Previous studies have shown that radiation belt protons at 1.7 < L < 2.2 vary gradually on time scales of ∼1 year [37,40]. Lifetimes found after May 2024 in the present work are shorter. The shorter lifetimes during the first two months after the Mother’s Day injection can be explained by the fact that more electrons were present in the slot region around L=2 during this period. Indeed, loss of radiation belt protons is mainly due to collisions with free electrons, bound electrons, and nuclei in the ambient plasma and neutral atmosphere [41,42]. Collisions with free and bound electrons produce energy losses that are stronger than nuclear scattering.

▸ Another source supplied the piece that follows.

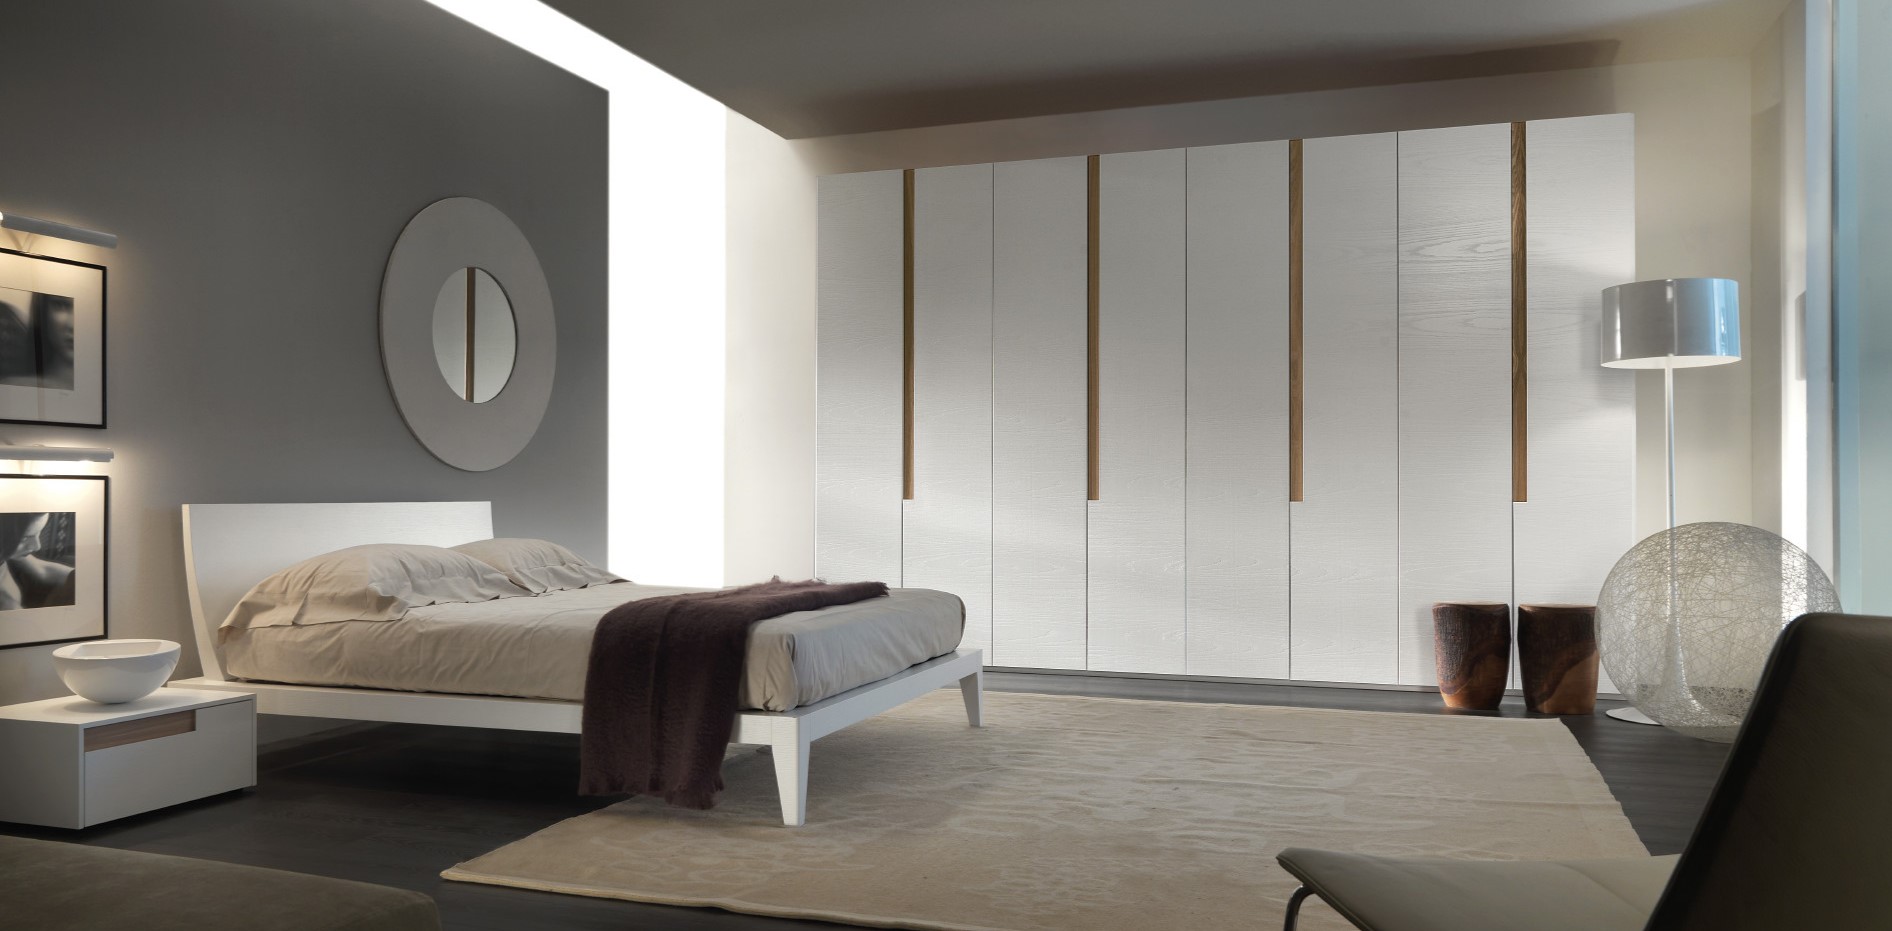 Белый шкаф с легкой фактурой дерева идеально подойдет для современного интерьера

4.4. Proton Refilling Times at the Outer Edge of the Belt

Figure 11 clearly shows that the proton flux sharply decreased at the outer edge of the proton belt just after the May 2024 and October 2024 severe geomagnetic storms. After the event, the fluxes are assumed to recover exponentially to the quiet time level. Therefore, the refilling timescales are again obtained by fitting a linear function to the logarithm of the fluxes. Refilling times at high L are longer than 40 days and depend on L and energies. They are also longer after the May 2024 event than after the October 2024 one, and longer in Ch1 than in Ch2. The storm of October 2024 prevents the flux to recover prestorm levels, because on 10 October 2024, a new sudden loss occured at the external edge, followed again by progressive flux increase with similar but shorter refilling time. The refilling time of October 2024 is not completely linear (in the logarithmic scale), but is shorter just after the event than later. The refilling times depend on L and are faster at lower L when the energy increases (as also visible in Figure 8). One can again see in Figure 11 that before the May 2024 event, the observed fluxes were constant.

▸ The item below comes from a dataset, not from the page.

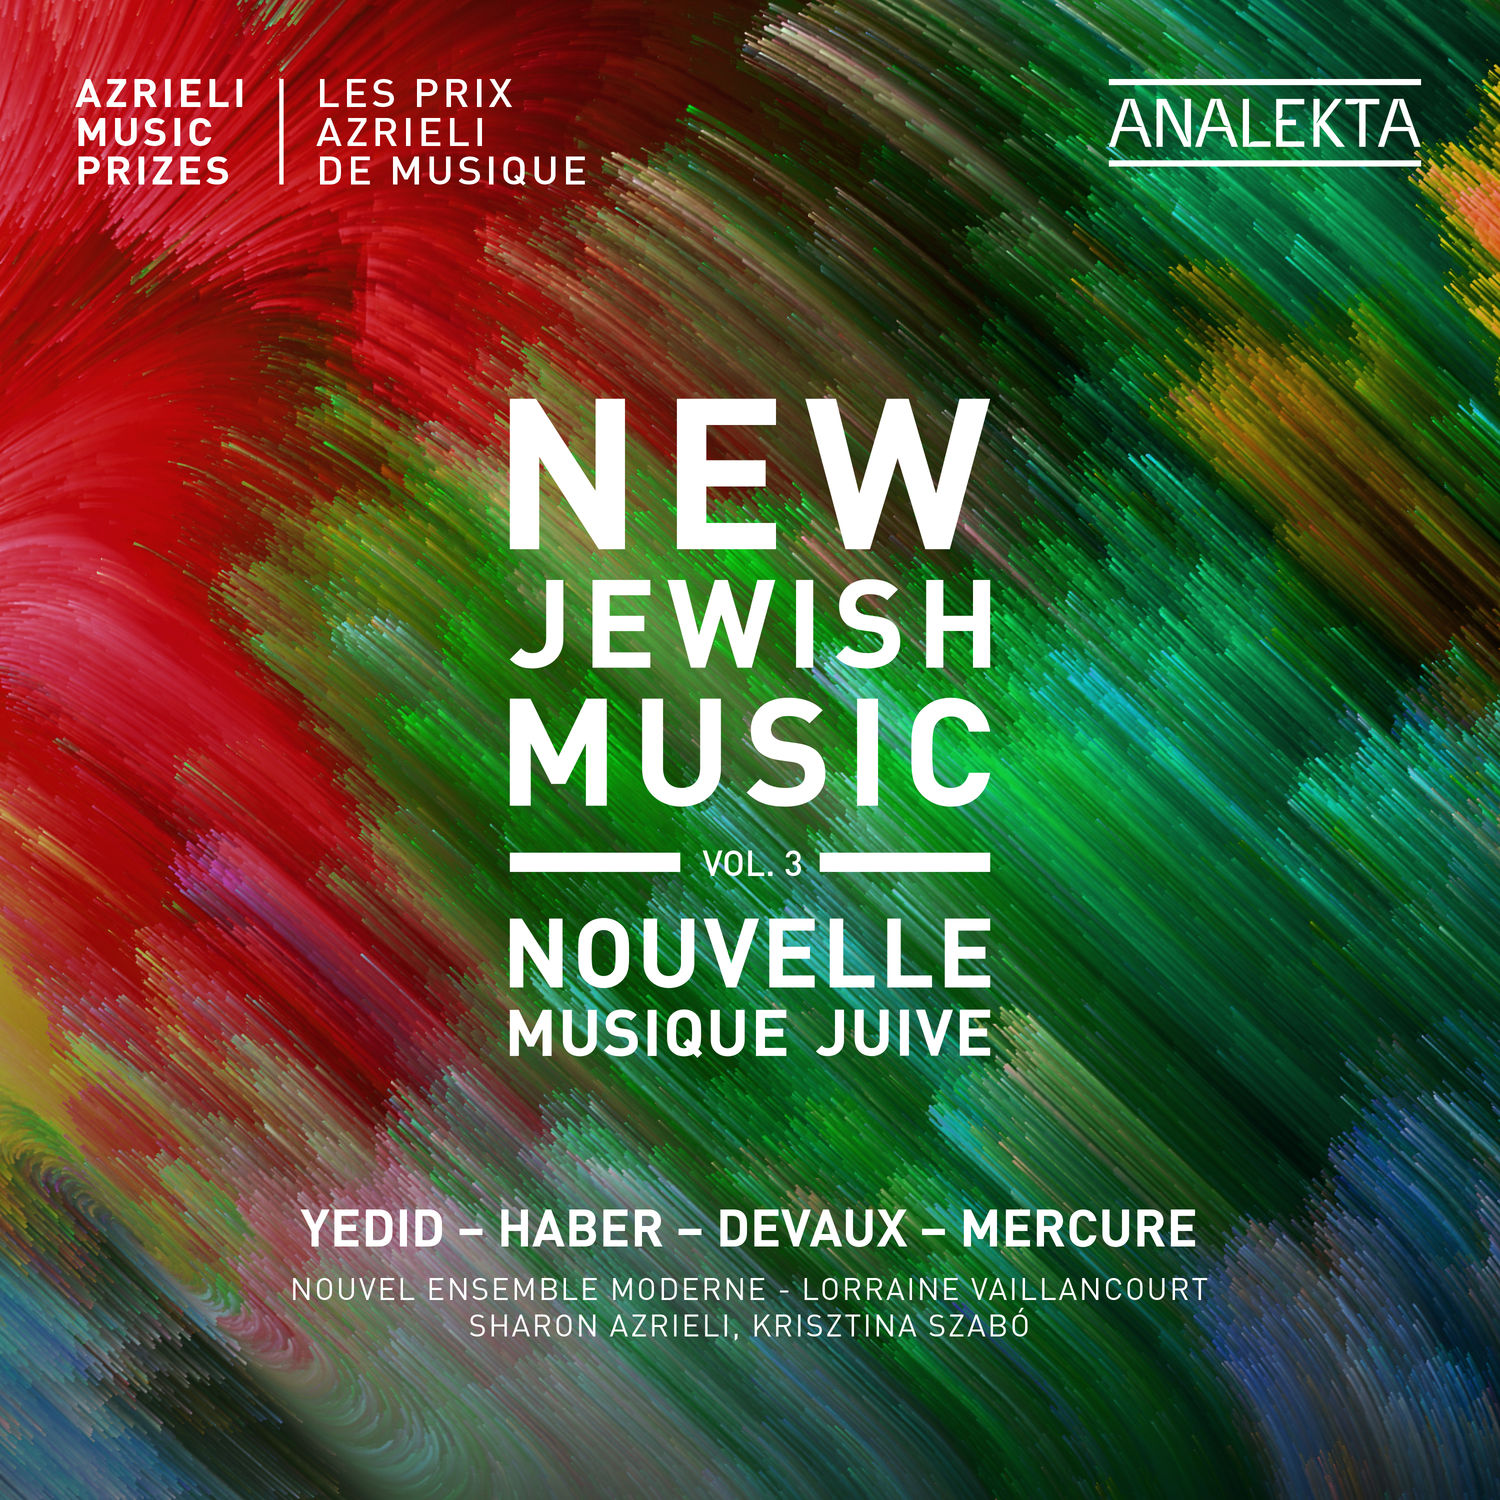 Nouvel Ensemble Moderne – New Jewish Music, Vol. 3 – Azrieli Music Prizes (2021) [FLAC 24bit/96kHz]

5. South Atlantic Anomaly (SAA)

Figure 12 illustrates maps of proton (bottom panel) and electron fluxes (top panel) observed by PROBA-V/EPT in Ch1 from 5 August 2024 to 11 August 2024, averaged in bins of 4° in latitude and longitude. The flux of protons and electrons is high above South Atlantic, that is why this region is called the South Atlantic Anomaly. The extension of the electron fluxes in the SAA is very different from the proton fluxes. One can also note the high latitude electron bands corresponding to the outer belt.

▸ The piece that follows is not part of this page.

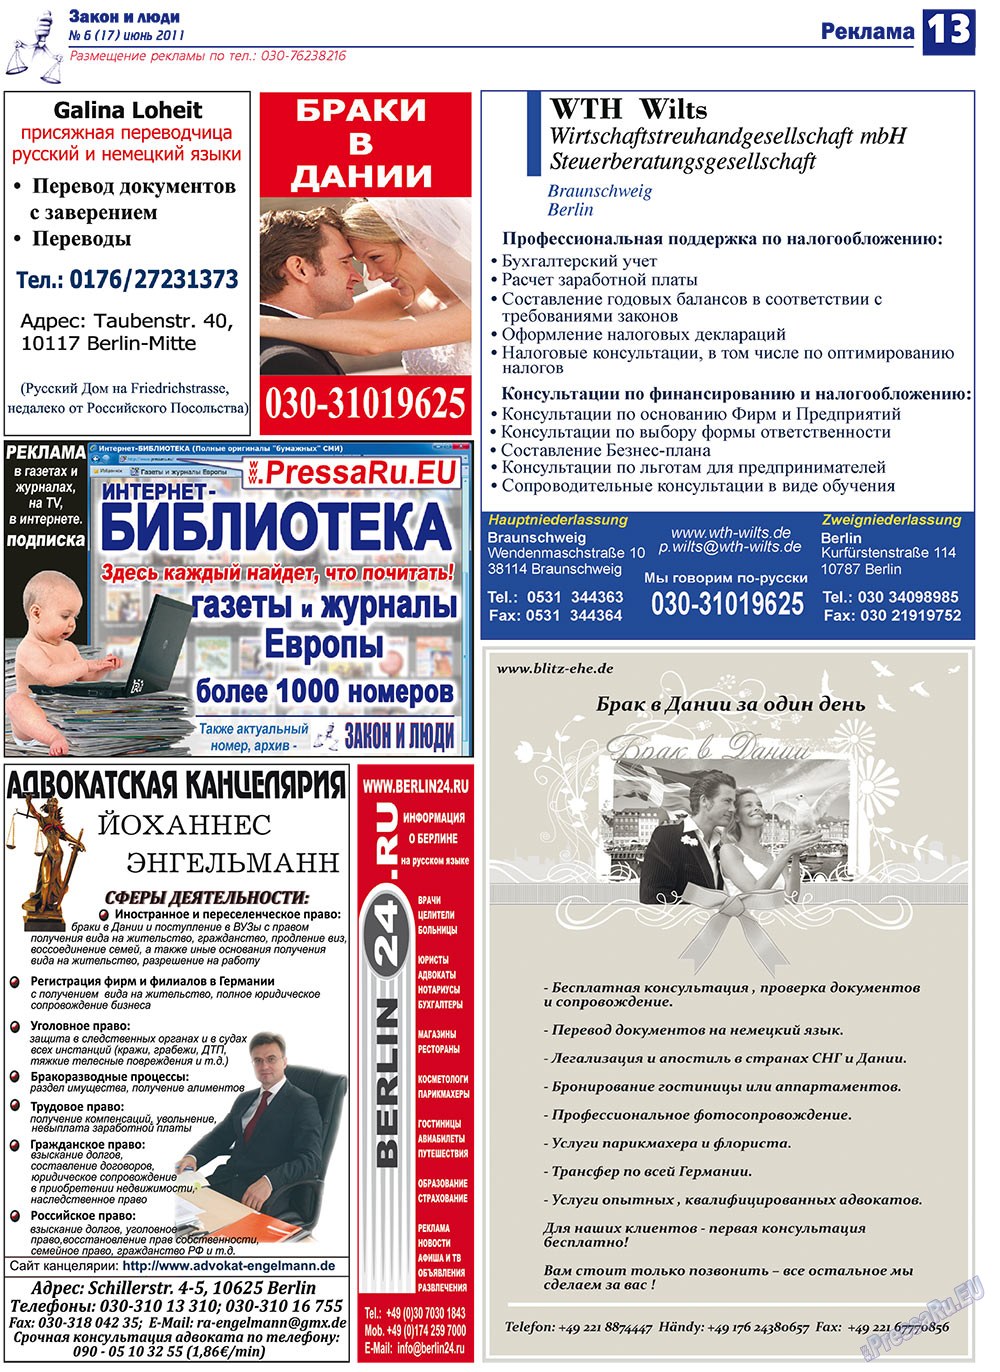 Закон и люди, газета. 2011 №6 стр.13

In August 2024, the flux of protons in this energy range is still very high in the southern part of the SAA due to the long decay time observed after the injection. This region partially overlaps the slot for the electron fluxes, because in August 2024, the electron flux around L=2.5 has decreased and corresponds again to the normal slot (see also Figure 3, left bottom panel). Again, these different positions and timescales show the good discrimination between the electron and proton fluxes measured by the EPT.

6. Discussion and Conclusions

Our work has shown protons injected in the long-term trapped belt observed by EPT after 11 May 2024, only for E=[9.5-13] MeV, with a maximum flux around L=1.9. The position and time dynamics of the proton fluxes are very different compared to that of the electrons. The proton injection that is present only in the southern part of the SAA allows us to explain the splitting already observed in the past [17], i.e., why the fluxes observed in the northern and southern parts of the SAA are very different.

No other proton injection in the trapped belt was observed in the last 10 years, but some were observed previously and reviewed in [15] for events before 2010. They showed that sudden trapped proton flux increases mainly during very strong Solar Energetic Particles (SEP) events, but not always. In the case of the May 2024 storm, a SEP was well present but was quite weak: the proton flux (> 10 MeV) observed by GOES reached only 208 pfu. Thus, the increase of proton flux in the 9.5-13 MeV belt appears to be more related to the combination of the SEP and of the strong geomagnetic storm (Dst= -412 nT) that modified solar proton fluxes due to the geomagnetic suppression. Radial diffusion and non-adiabatic effects due to drift invariant violations may also contribute to the flux increase [43]. The temporal coincidence between the detection of additional protons of 9.5-13 MeV trapped in the radiation belt and the incursions of solar particles below L =2.5 (see Figure 7) during geomagnetic storms suggest that both the solar particle intensity and geomagnetic cutoff suppression play key roles in the formation of the new proton injection.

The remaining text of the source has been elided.